You may remember from our test harness discussion that as long as a filter implementation has the ports we discussed then, and shown again here in Fig 4 at the right, that we can continue using our generic filtering test harness. While we’ll be able to inherit and modify the test harness with additional functionality in the next section, we’ll need to start out this section by remembering that our filter implementation will need to have a reset, and the ability to load taps, in addition to samples coming in and going out.

We’ll start with the ability to set our filter coefficients. As with many of our other filters, we’ll allow a parameter FIXED_TAPS to express whether or not this filter has a tap-update capability at all. If the coefficients are fixed, then we’ll $readmemh them from a .hex file whose name is given in INITIAL_COEFFS.

	generate if (FIXED_TAPS)
	begin
		initial $readmemh(INITIAL_COEFFS, tapmem);
		// ...
	end else begin

On the other hand, if our filter coefficients are not fixed, FIXED_TAPS will be false, and we’ll need to load our coefficients into memory. To do this, we’ll start with a memory index, tapwidx, or tap writing index.

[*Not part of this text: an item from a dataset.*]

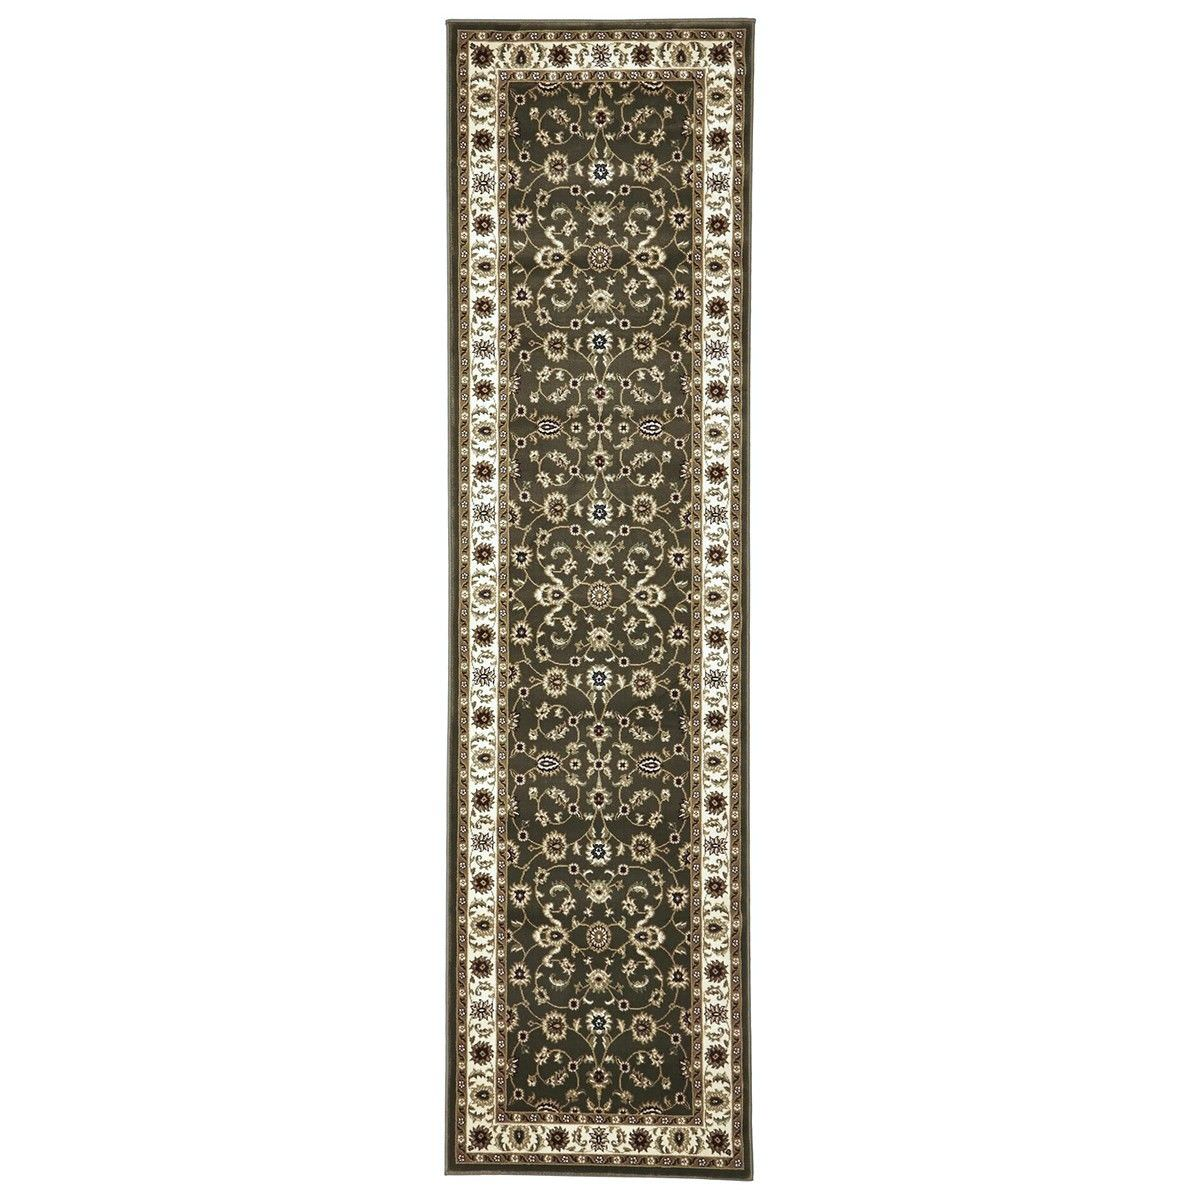 Sydney Classic Turkish Made Oriental Runner Rug, 300x80cm, Green / Ivory
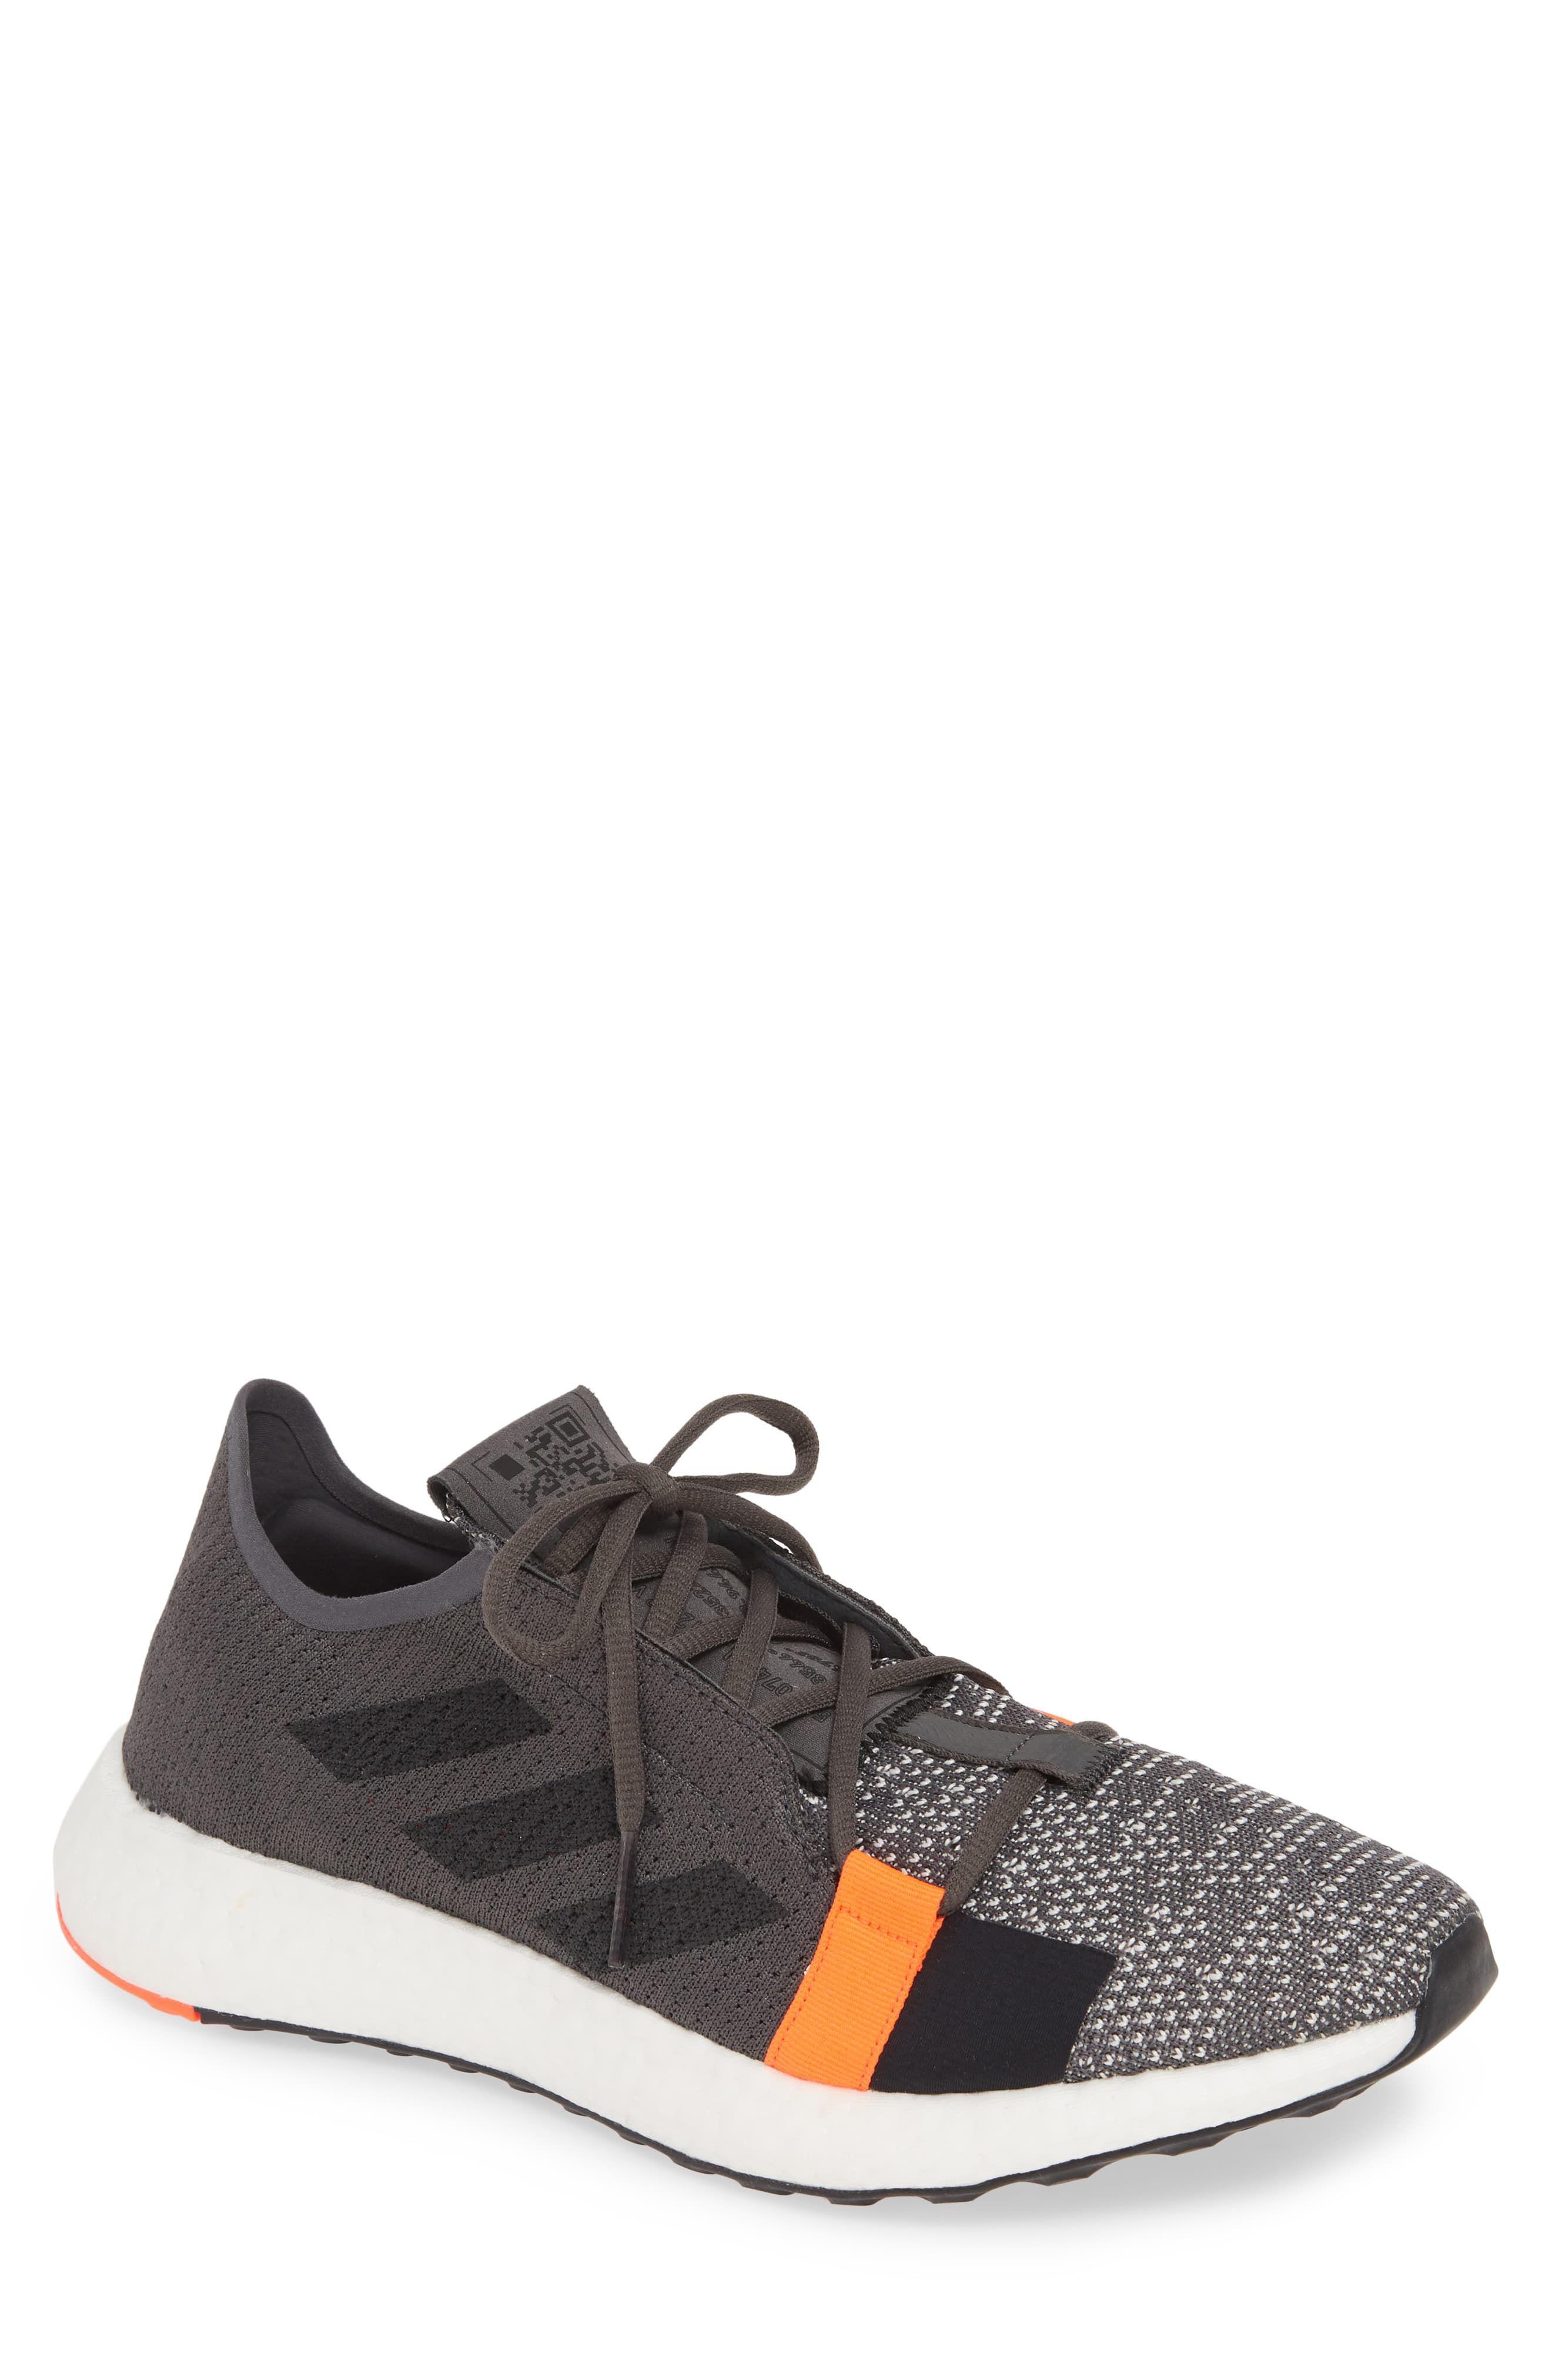 Temblar sensibilidad Archivo  adidas SenseBoost Go Running Shoe (Men | Running shoes design ...

		reg	[(LGNTAPS-1):0]	tapwidx;

We’ll set this index to zero initially, and to return to zero upon any reset.

		initial	tapwidx = 0;
		always @(posedge i_clk)
			if(i_reset)
				tapwidx <= 0;

Otherwise, anytime the i_tap_wr signal is high, a new coefficient is present in i_tap which we’ll write to coefficient memory. We’ll also need to increment this index.

			else if (i_tap_wr)
				tapwidx <= tapwidx + 1'b1;

Here’s where we actually use the tap (coefficient) writing index, tapwidx to write into the coefficient memory, tapmem. This is also the section of the code to specify any memory initialization, so we’ll initialize the memory if the INITIAL_COEFFS file name is empty. Note that the if statement is outside of the initial block. That will keep the synthesizer from looking for this file if the name hasn’t been given.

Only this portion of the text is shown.